- **What the task requires**
In your reply, print every line of the listing exactly and omit all images.

- **Data extract**
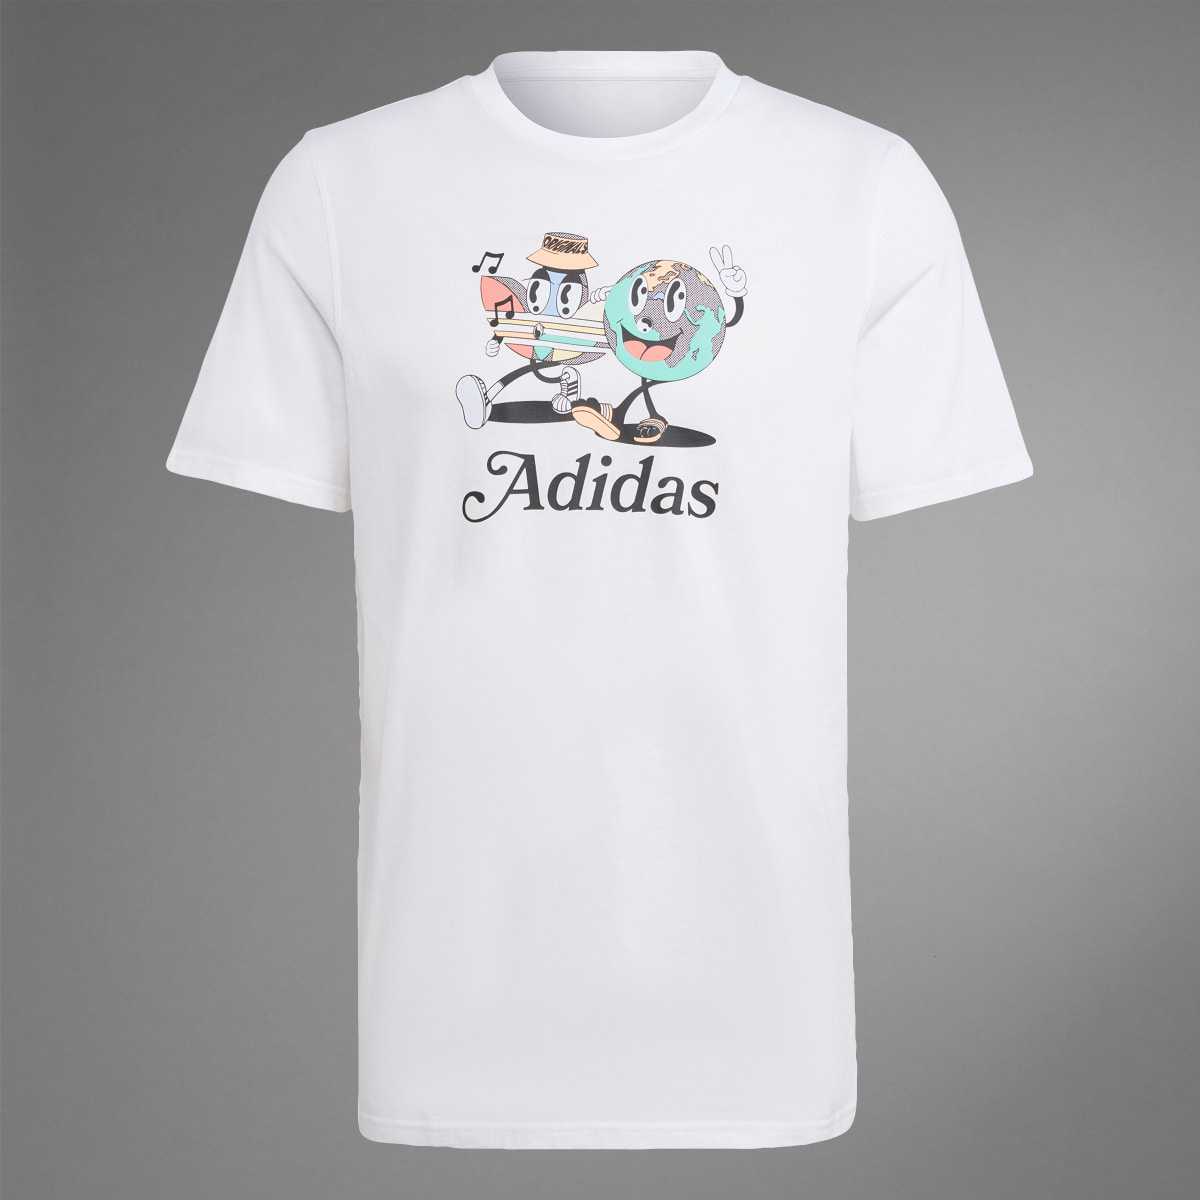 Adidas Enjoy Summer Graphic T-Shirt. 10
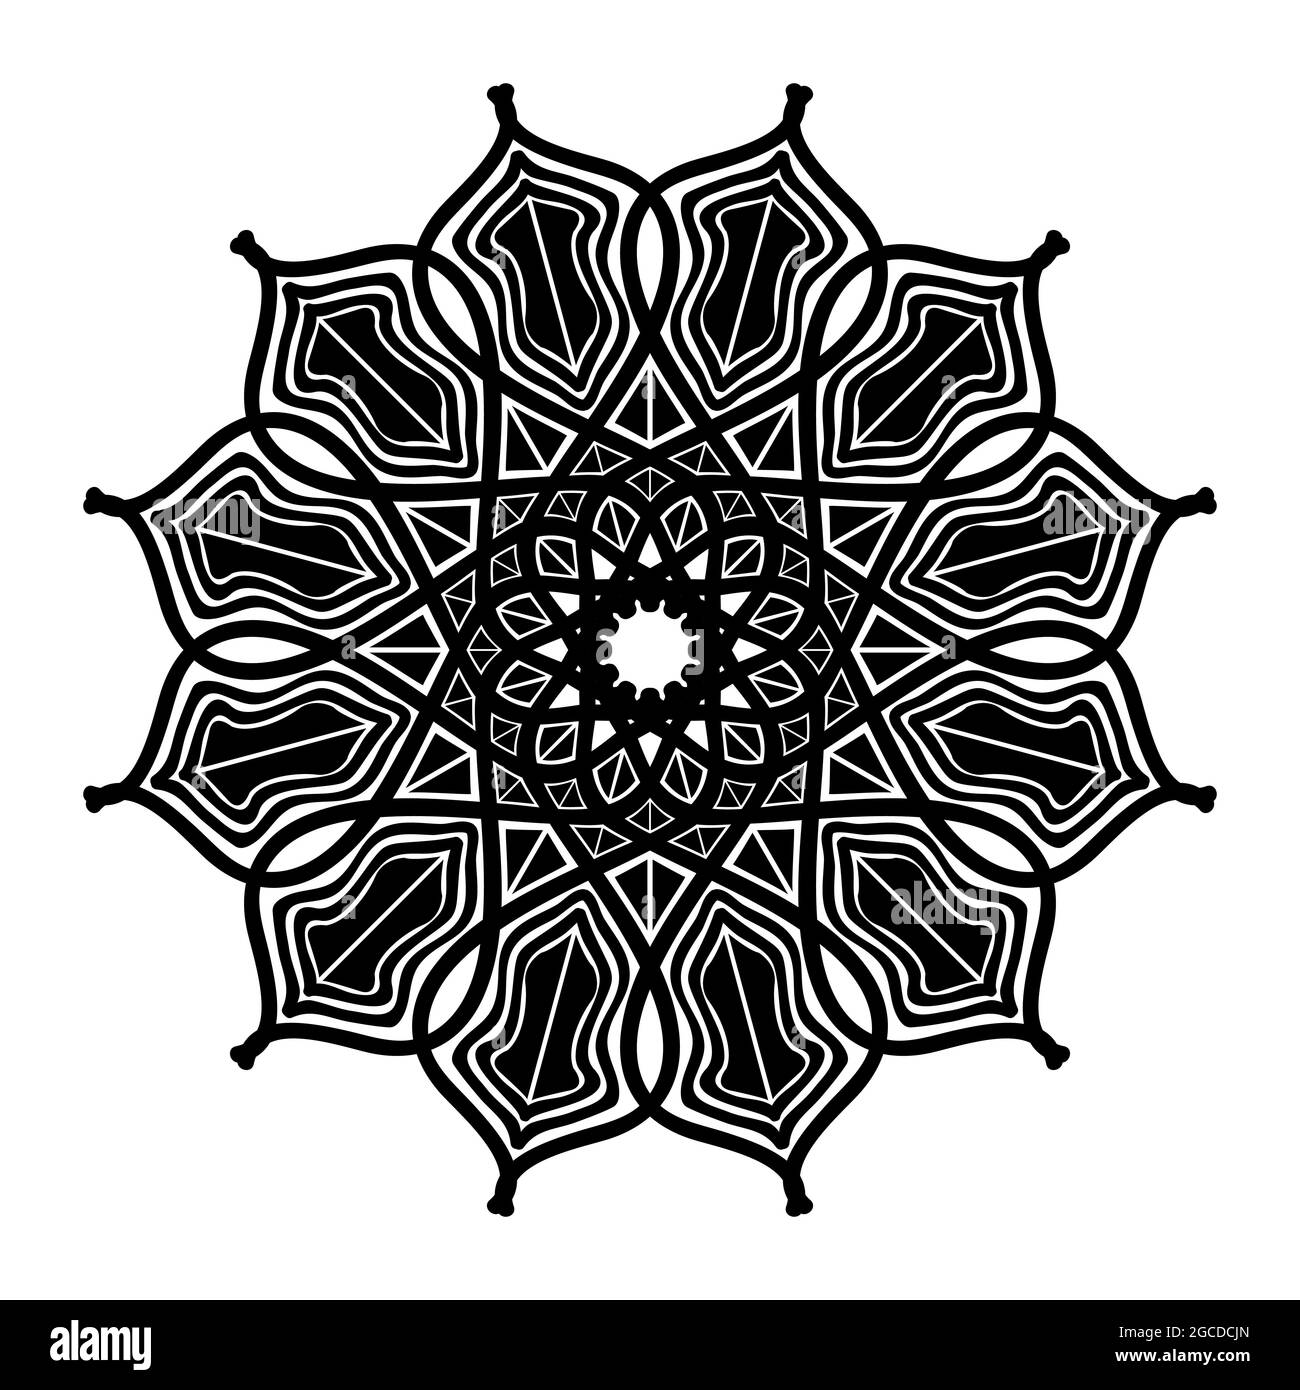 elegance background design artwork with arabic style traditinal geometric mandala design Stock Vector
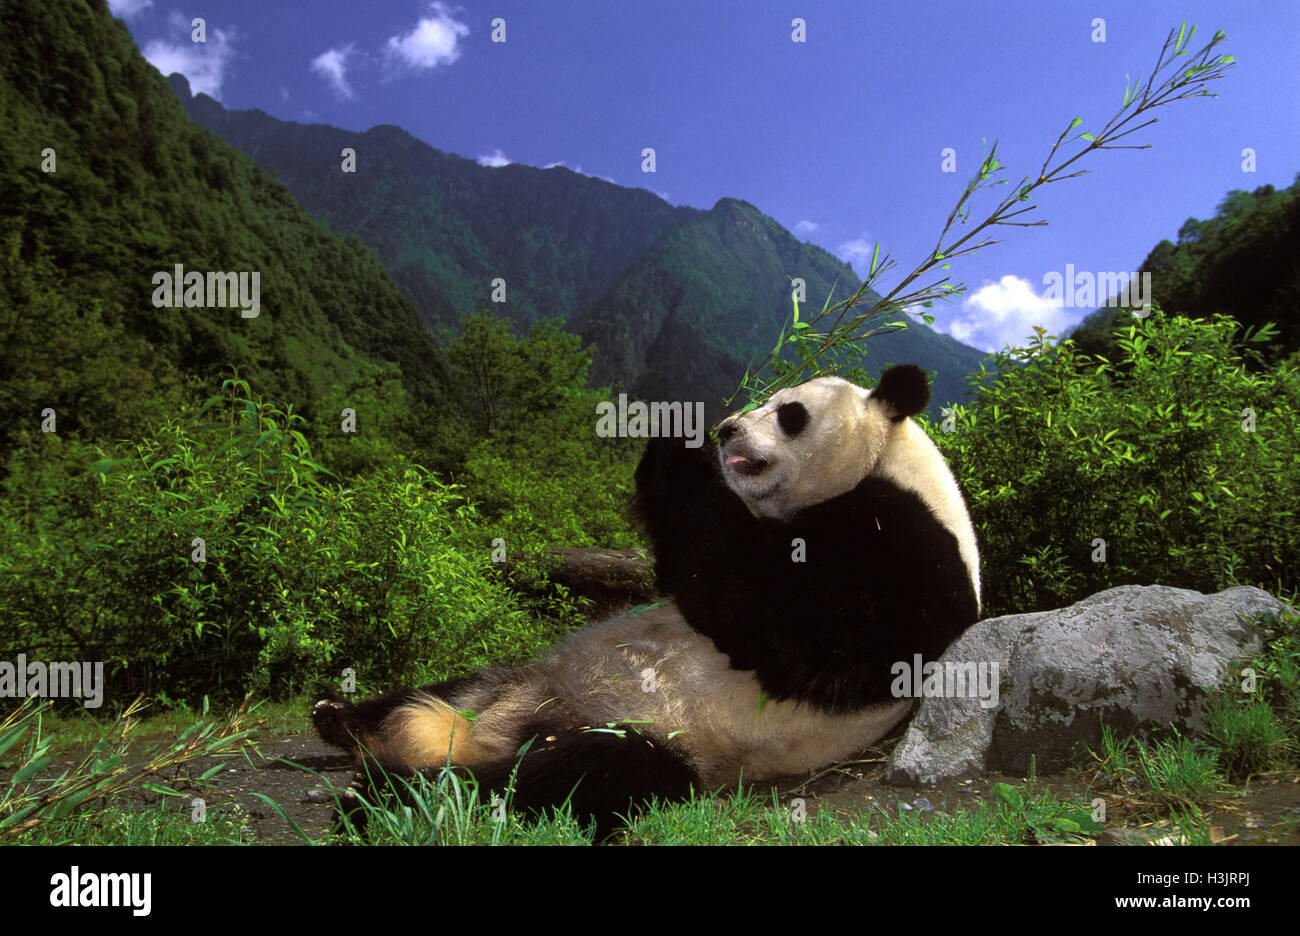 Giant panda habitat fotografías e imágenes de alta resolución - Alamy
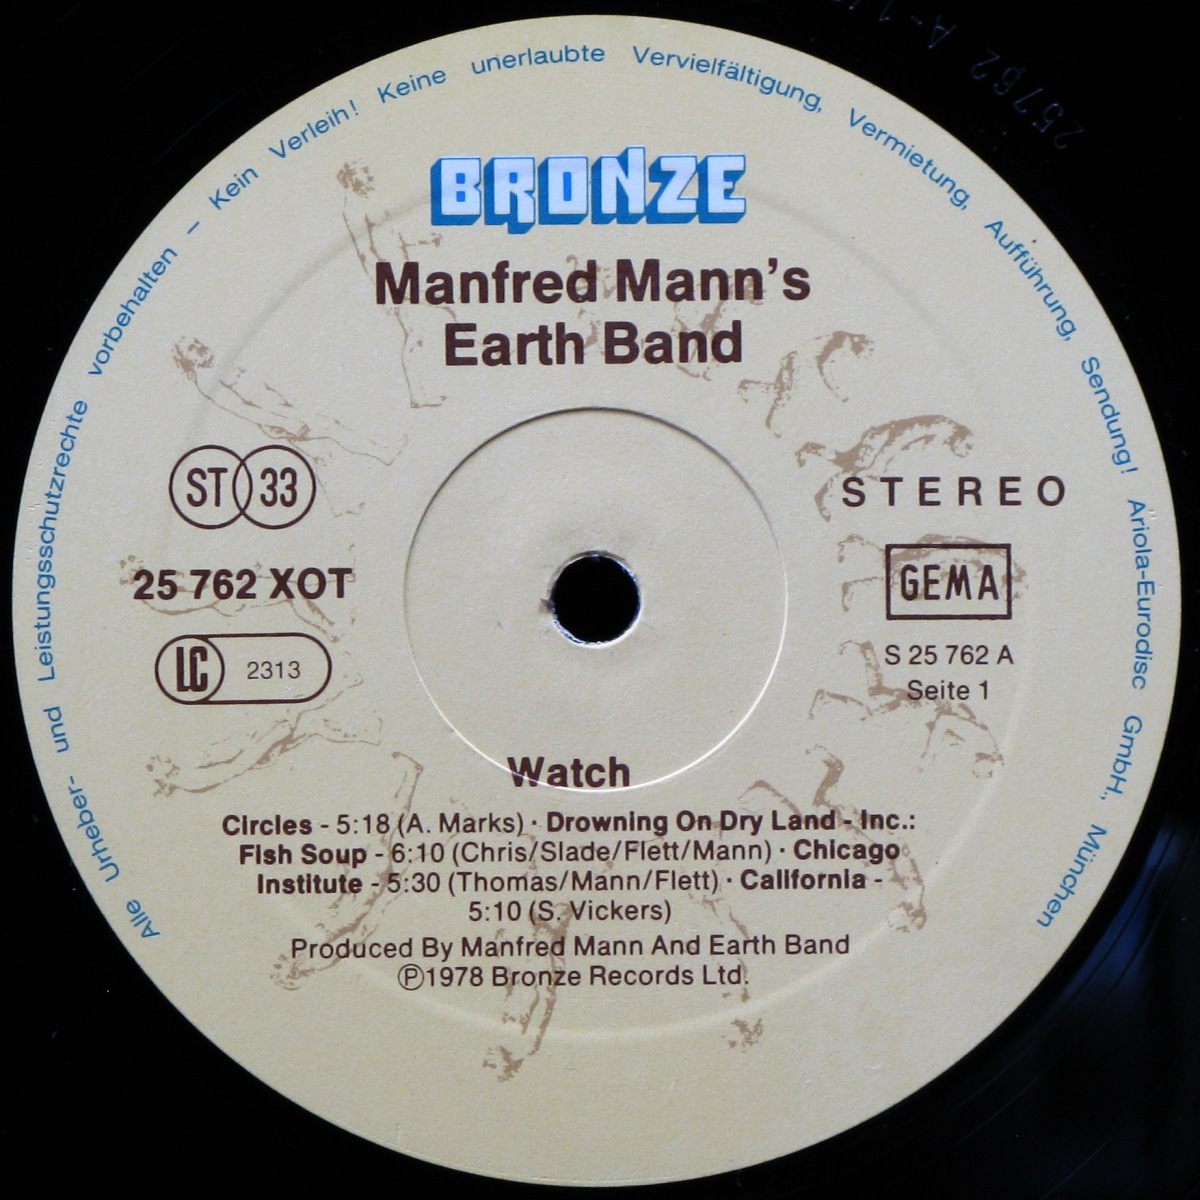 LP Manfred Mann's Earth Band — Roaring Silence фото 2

- **Solution to the problem**
 Adidas Enjoy Summer Graphic T-Shirt. 10
 elegance background design artwork with arabic style traditinal geometric mandala design Stock Vector
 Giant panda habitat fotografías e imágenes de alta resolución - Alamy
 LP Manfred Mann's Earth Band — Roaring Silence фото 2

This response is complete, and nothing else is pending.